I have read that the L1 cache size in the fermi architecture ( GTX series in my case ) is configurable and from the 64KB available it can be programmed as 48 KB for shared memory and 16 KB for L1 cache or vice versa. I could not find a compiler flag or a command option to achieve this in OpenCL. Is this option not available in OpenCL ? Kindly clarify …
I was also wondering about this. Especially as the OpenCL Programming Guide for the CUDA Architecture explicitly states this possibility in section C.4.1, sadly leaving out the detail of how to utilize it.
I am very much interested in this too. Should you come across the solution, please do post it. Thx.

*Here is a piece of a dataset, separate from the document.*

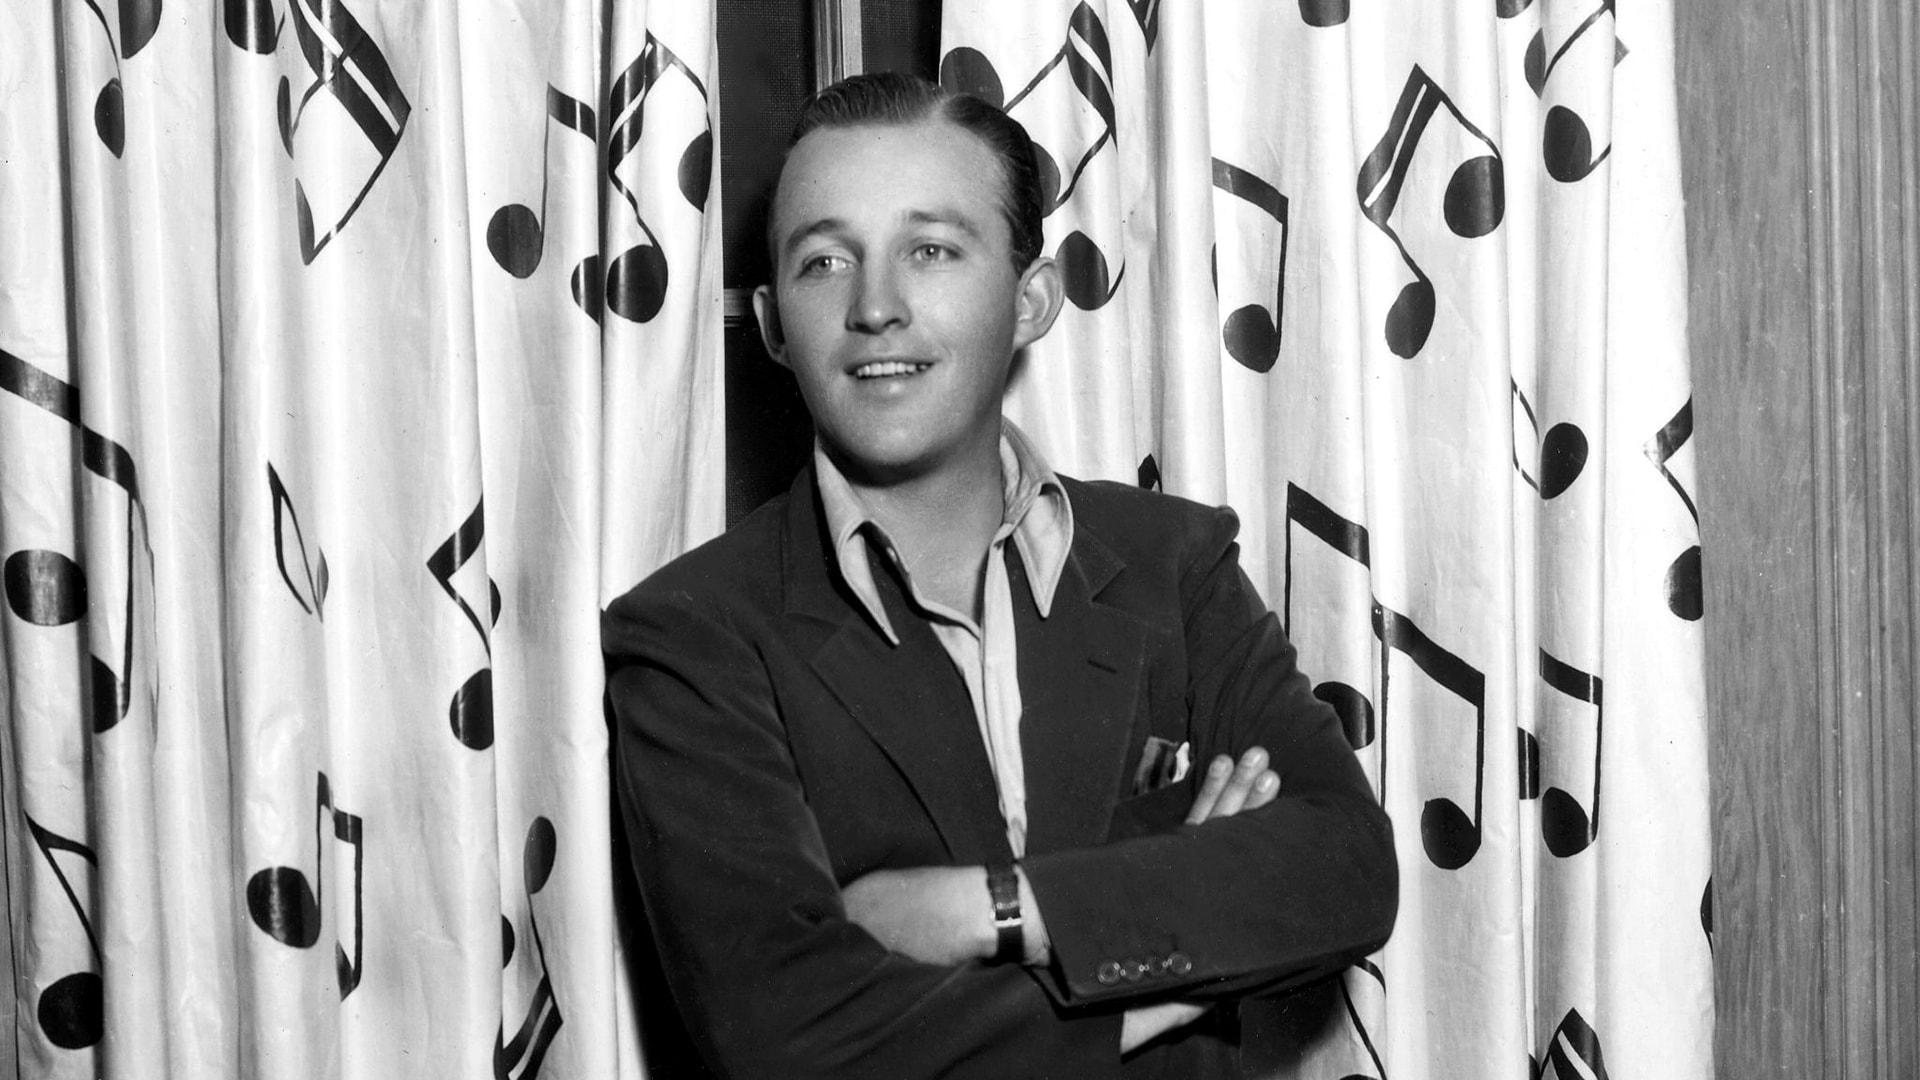 Bing Crosby Full hd wallpapers
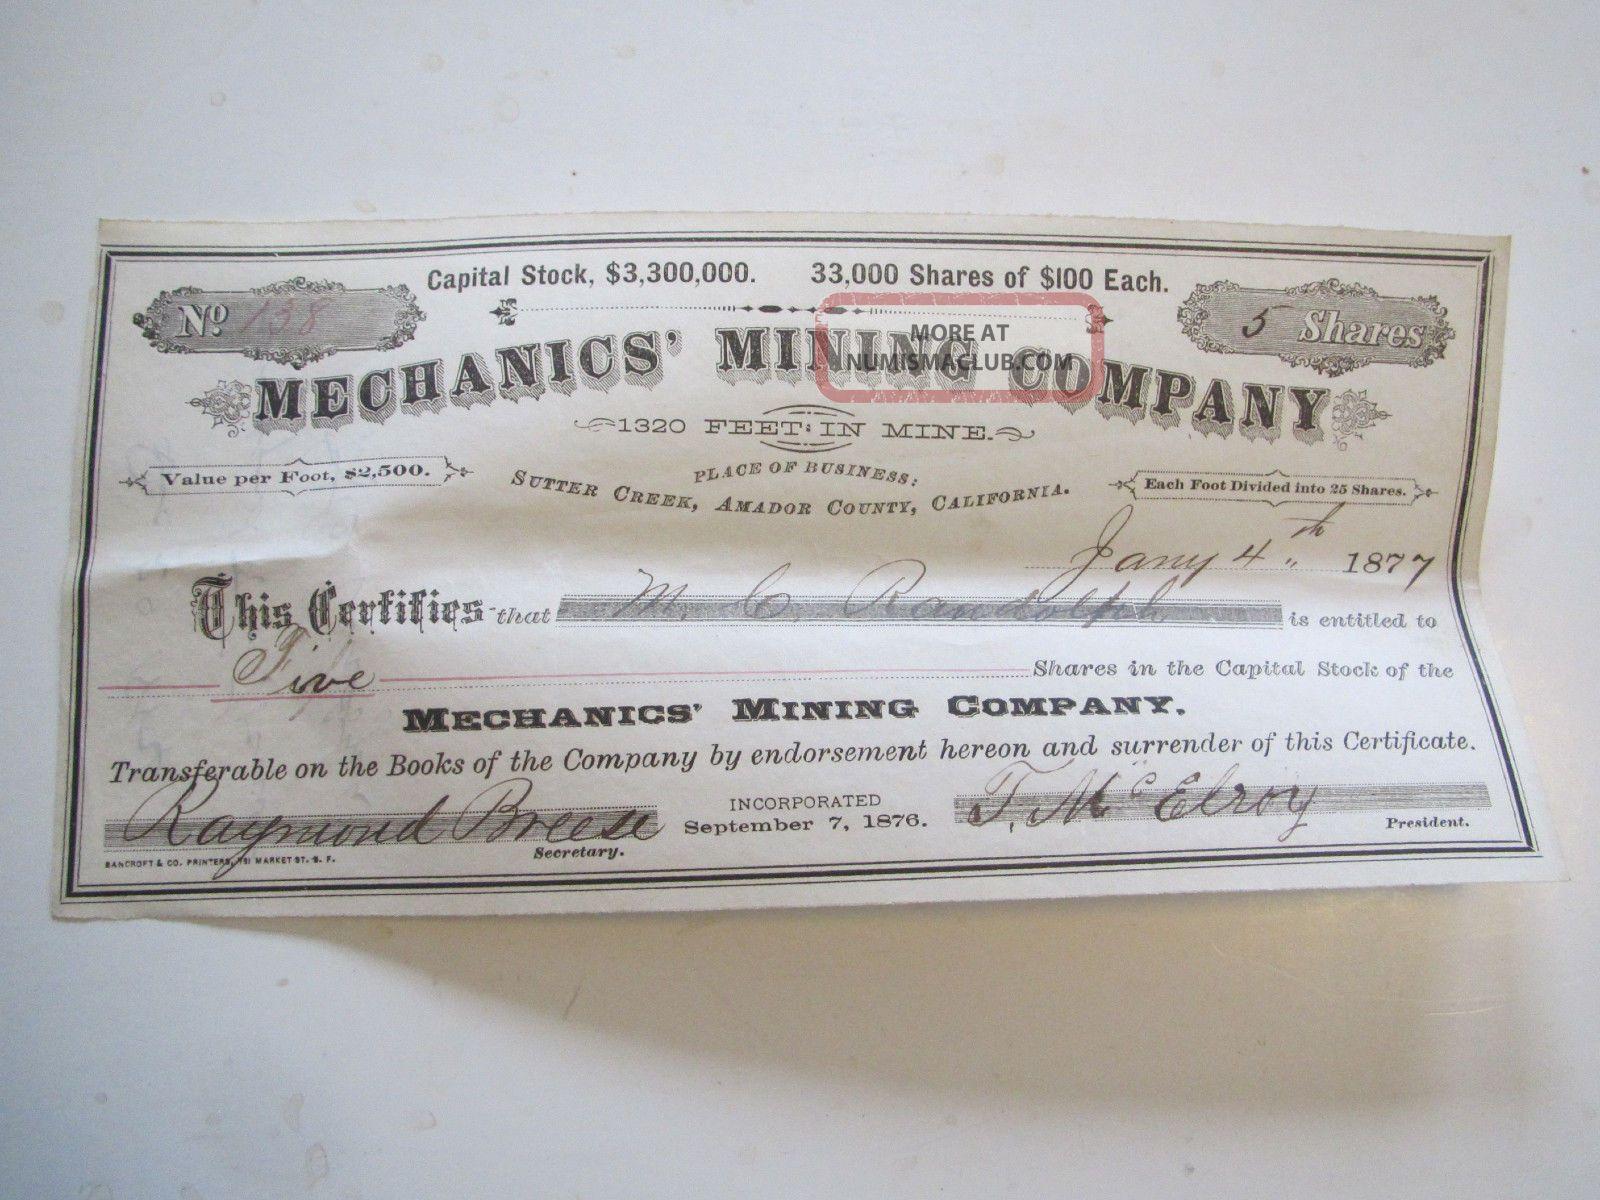 Mechanics Mining Co Sutter Creek Ca Five Shares Stock Certificate 1877 Stocks & Bonds, Scripophily photo

I’m interested too. I would like to test how my OpenCL kernels work with a 48KB-L1Cache configuration, but I didn’t found any solution.
Could you please give us the description you found in the OpenCL Programming Guide for the CUDA Architecture?
All I could find in the section C4.1 around L1 cache is:
[indent]There is an L1 cache for each multiprocessor and an L2 cache shared by all multiprocessors, both of which are used to cache accesses to local or global memory, including temporary register spills.
It does not point out any opencl APIs…
Sorry, I referenced the wrong section. In section 3.3 it states:
It does not explicitly mention the OpenCL-API for that. But as it is the OpenCL Programming Guide, why else should it mention that capability at all?